Background technology
Serious day by day along with problem of environmental pollution, the clean renewable energy source of exploitation becomes the task of top priority.Biomass receive countries in the world in recent years day by day and pay attention to as unique renewable energy source that can be converted into liquid fuel.
Prepare in the liquid fuel technology in biomass, the rapidly pyrolysing and liquefying biomass technology has obtained development rapidly since coming out the eighties in last century.But because oily high-moisture (15-30%), rich oxygen content (40-50%), high viscosity, low heat value (the about 16-20MJ/Kg of coarse biometric oil calorific value of coarse biometric; And the general 42MJ/Kg of motor spirit), the strong character such as (the pH value are about 2.5) of acidity has hindered its use as motor spirit.Therefore, the refining problem demanding prompt solution that becomes of coarse biometric oil.

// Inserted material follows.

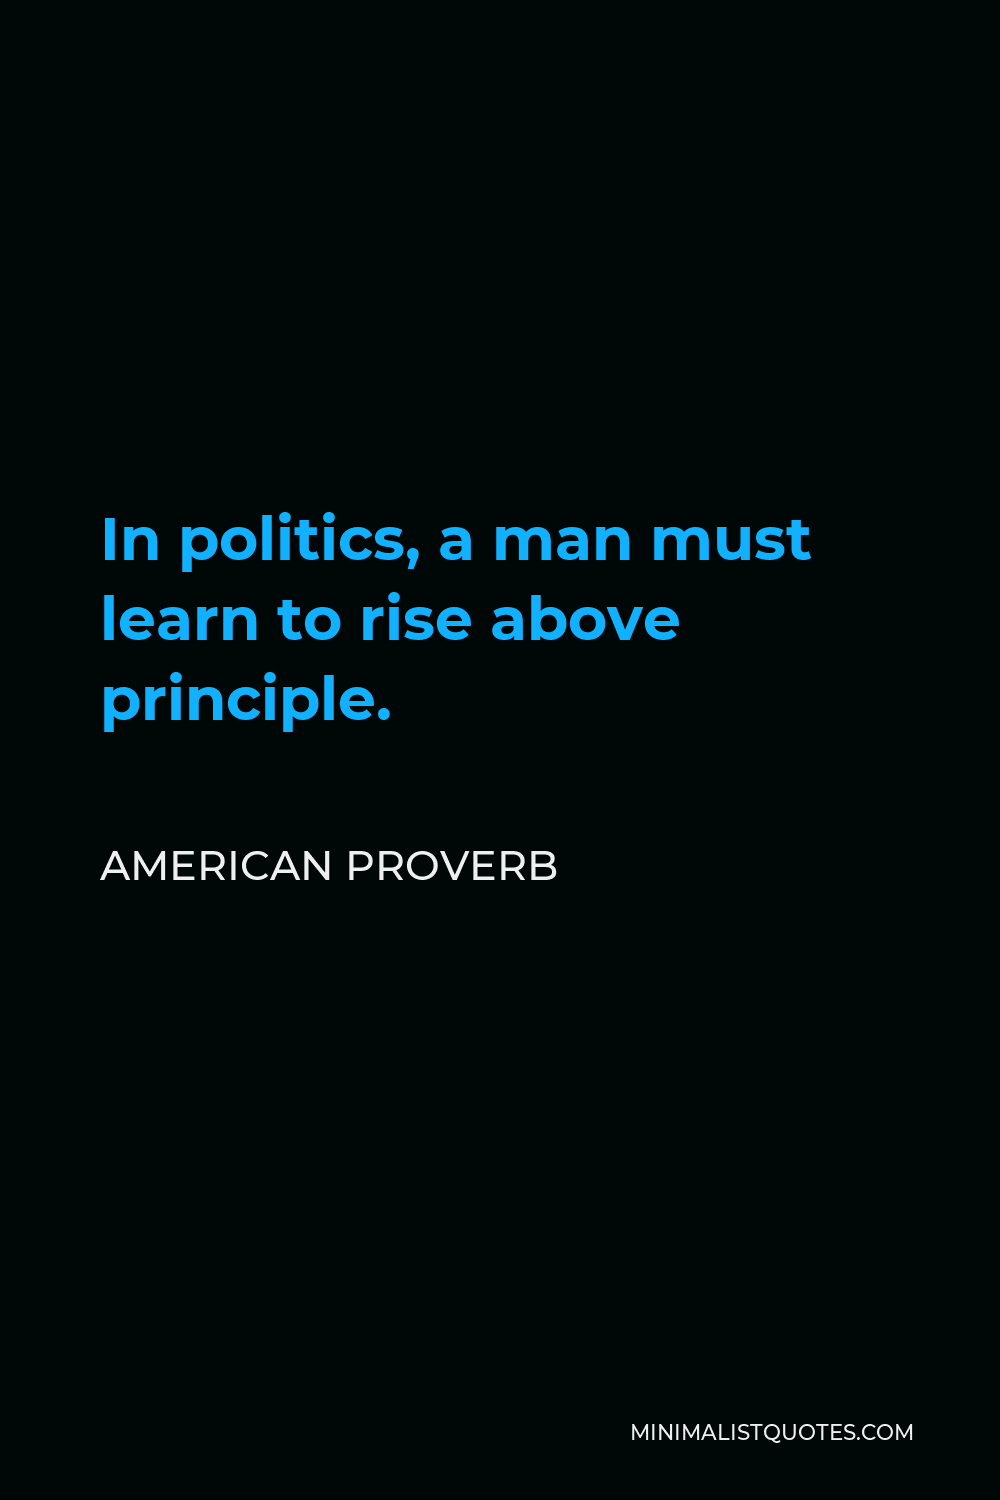 American Proverb Quote - In politics, a man must learn to rise above principle.

Shortening be high pressure (10-20Mpa with exist under the hydrogen supply dissolvent condition) with Co-Mo, Ni-Mo and oxide compound thereof or with above active constituent loading at Al
2O
3Deng as catalyzer bio oil being carried out unifining on the carrier.The investigator mainly adopts direct shortening mode in the shortening process.But bio oil is in direct shortening process; Oxygen in active ingredient hydrogen and the bio oil in the oxygenatedchemicals combines to generate water, causes the water-content in the bio oil further to increase (coarse biometric oil water cut is about 15-30wt%), and excessive water suppresses the carrying out of hydrogenation reaction; Liquid yield is lower; Carry out so unifining process generally adopts under higher temperatures (350-500 ℃) and the higher pressure (10-20Mpa), in the reaction process coking more serious, capacity usage ratio is relatively low; Required equipment and refining cost are higher, and in the operating process problem of catalyst deactivation and reactor plugs take place easily.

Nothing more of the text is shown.